To use `landlens_db` to fetch data from Mapillary, you first need to initialize a Mapillary connection using your Mapillary Secret Token.

In [None]:
importer = Mapillary(MLY_TOKEN)

`landlens_db` offers a few functions to filter Mapillary data from their API. However, for more advanced filtering, we recommend that users use the `mapillary-python-sdk` and convert the resulting data into a GeoImageFrame.

Here is an example of how to load data using the `fetch_by_id` method of `landlens_db`:

In [None]:
image_id = 915374089313107
image = importer.fetch_by_id(image_id)
image

By default, `landlens_db` will download all fields from the Mapillary image endpoint and default to `thumb_1024_url` as the `image_url`, however, you may specify a subset of fields using the `fields` argument and only these fields will be downloaded. Note, you must supply at least the `id`, `geometry`, and one of the image url fields.

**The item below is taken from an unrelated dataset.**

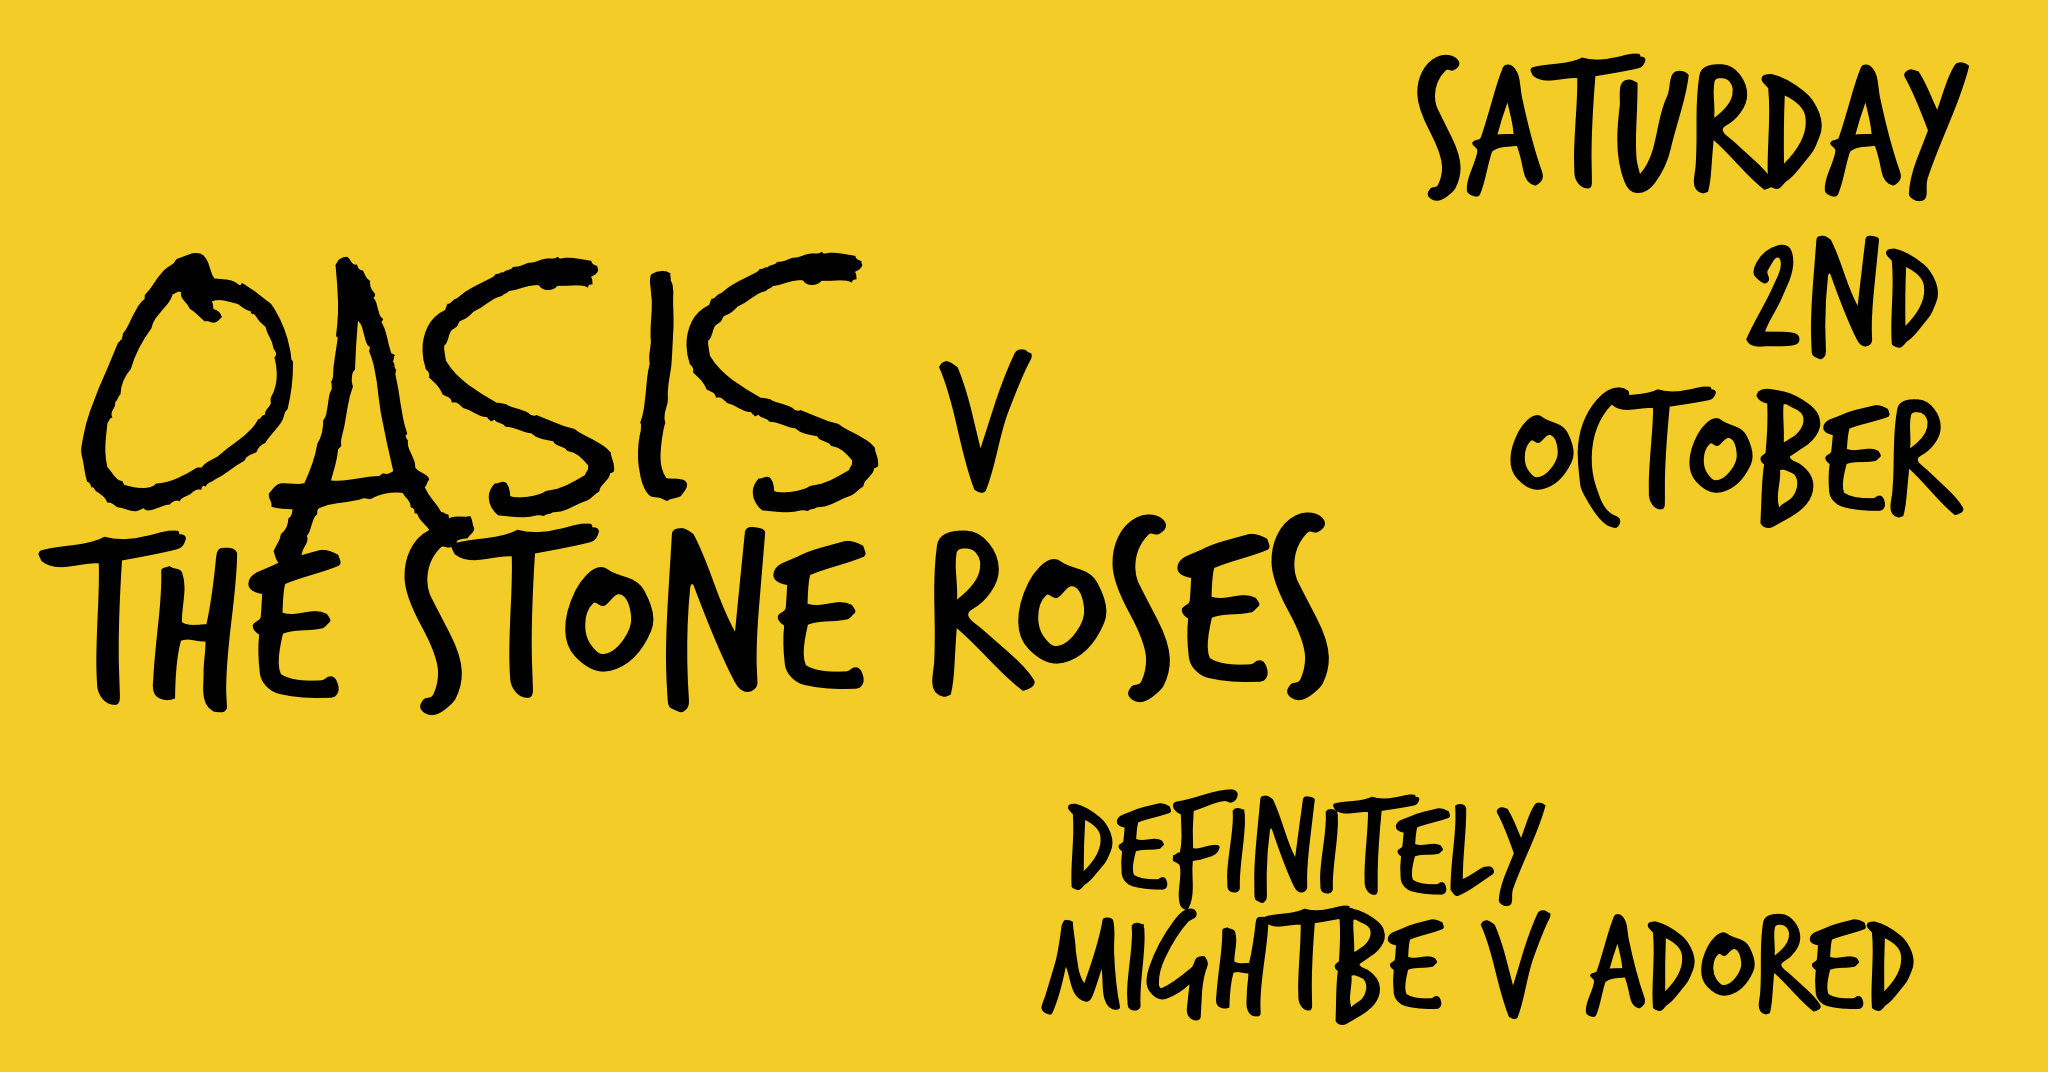 Oasis v Stone Roses

For example, using the `fetch_within_bbox` method of `landlens_db`:

In [None]:
bbox = [139.59,35.865358, 139.719, 35.882781]
start = '2022-03-16'
end = '2022-03-16'
fields = ['id', 'altitude', 'captured_at', 'camera_type', 'thumb_1024_url', 
          'compass_angle', 'computed_compass_angle', 'computed_geometry', 'geometry']

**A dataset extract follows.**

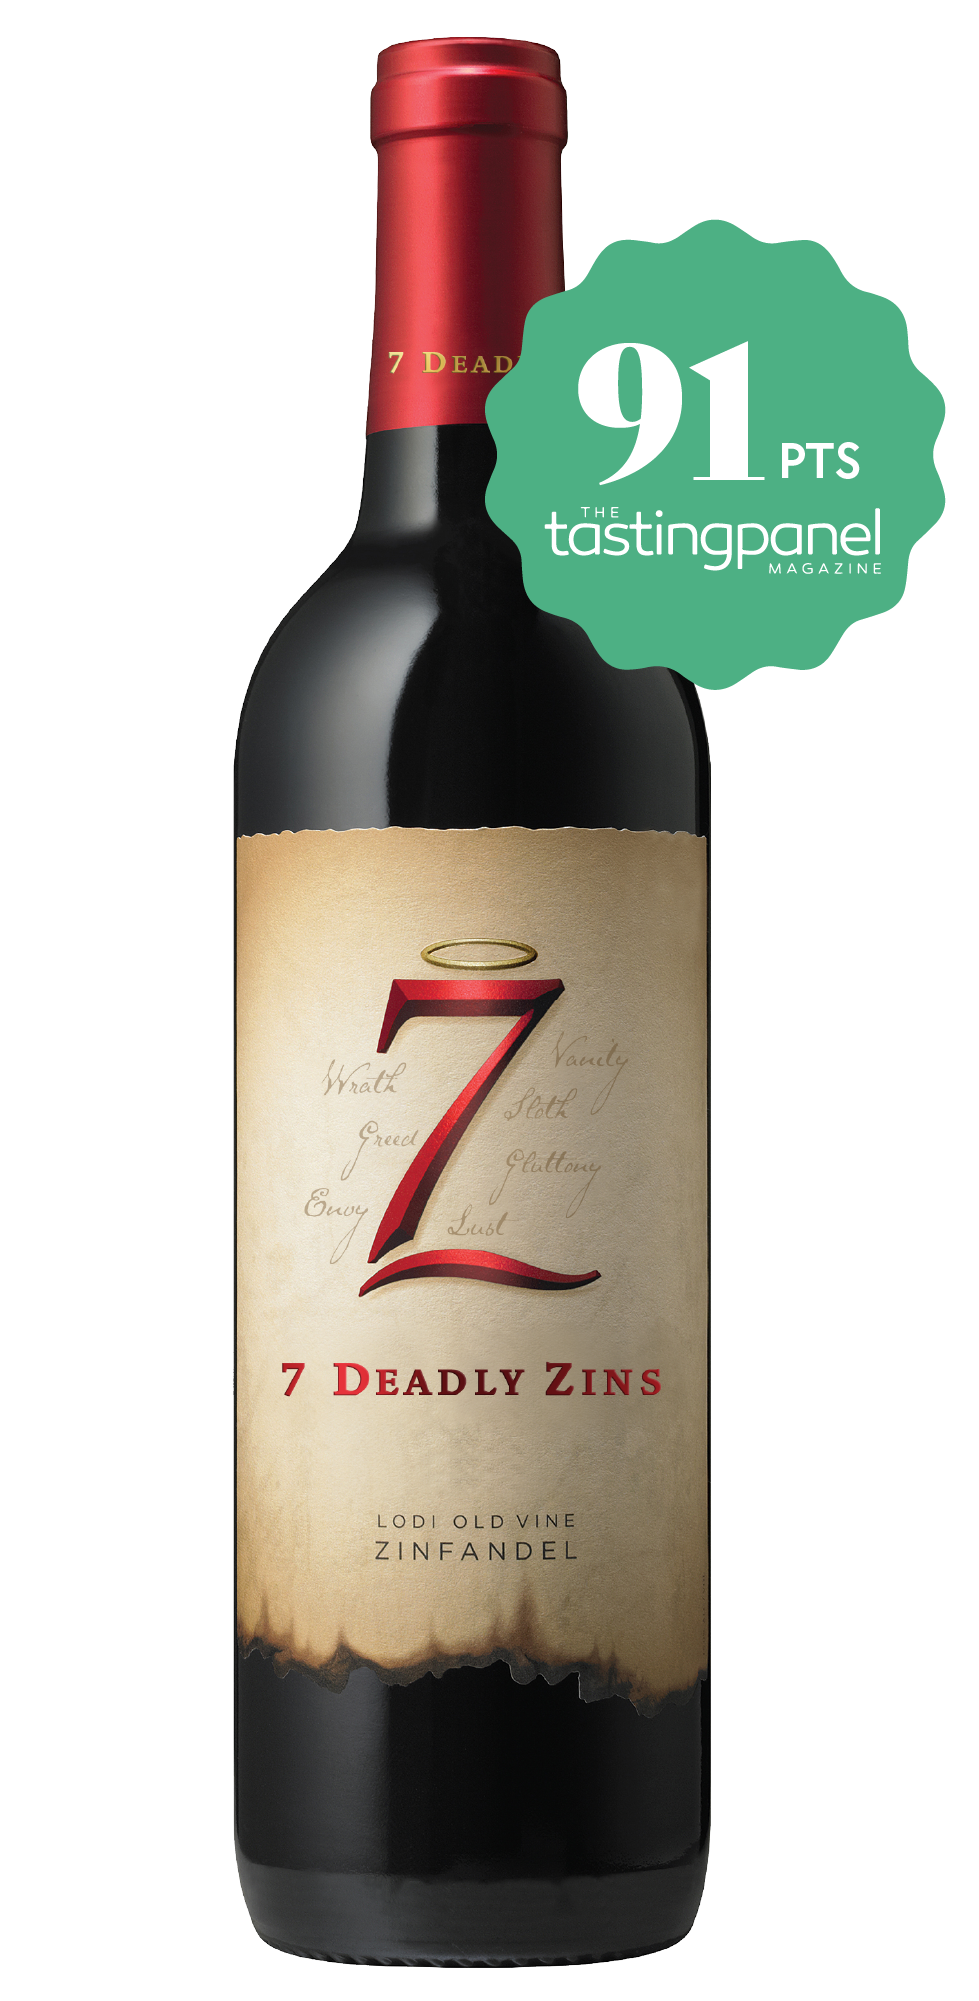 The Seven Deadly Zins Zinfandel Old Vine 2017

images = importer.fetch_within_bbox(bbox, start_date=start, end_date=end, fields=fields)
images.head()

It is also important to realize that Mapillary image urls are not permanent. So, `landlens_db` offers a method to download Mapillary images and return a new `GeoImageFrame` with the updated the `image_url` to the new location.

In [None]:
images = images.download_images_to_local(DOWNLOAD_DIR, filename_column='name')
images.head()

## Loading data from arbitrary sources
It is also possible to read from any OGC-recognized vector file format, including ESRI shapefile, geojson, and geopackage, or to create a `GeoImageFrame` in the same manner as a geopandas dataframe by initializing it with data so long as it has a `name`, `image_url`, and `geometry` column.

Data can also be imported from a PostreSQL postGIS enabled database. There is more information below on creating and exporting postgres tables for `landlens_db`.

When reading from postgres, it can be beneficial to load a subset of data. This can be important when the database contains upwards of tens of thousands of images. For this purpose, there are several database utility and query functions to select only a subset of the data in the database.

# Processing Images

Now that we have loaded some data, we can perform some simple processing on the images. Check the documentation for the current processing functions available. Here is an example of how `landlens_db` can be used to snap images to road networks.

First, we need a road network to snap your images to. `landlens_db` also offers a helper function to download road networks from Open Street Map within a given bounding box.

In [None]:
bbox = images['geometry'].total_bounds
network = get_osm_lines(bbox)

Then, calling the `snap_to_road_network` will snap all points to the closest road network (within the provided threshold distance) and will create a new geometry column in the `GeoImageFrame` falled `snapped_geometry` to represent this new point.

In [None]:
snap_to_road_network(images, 100, network)

## Snapping to a local road network

It is also possible to load your own road network and snap to this. When doing this, it is important that all the image points are within a reasonable distance from any given road in your network and that the threshold is appropriately set. If you suspect that there are images far from a road, and you do need that image to be snapped to the closest road, then be sure to set a high enough threshold.

In [None]:
roads_path = 'data/roads/*.shp'
road_files = glob.glob(roads_path)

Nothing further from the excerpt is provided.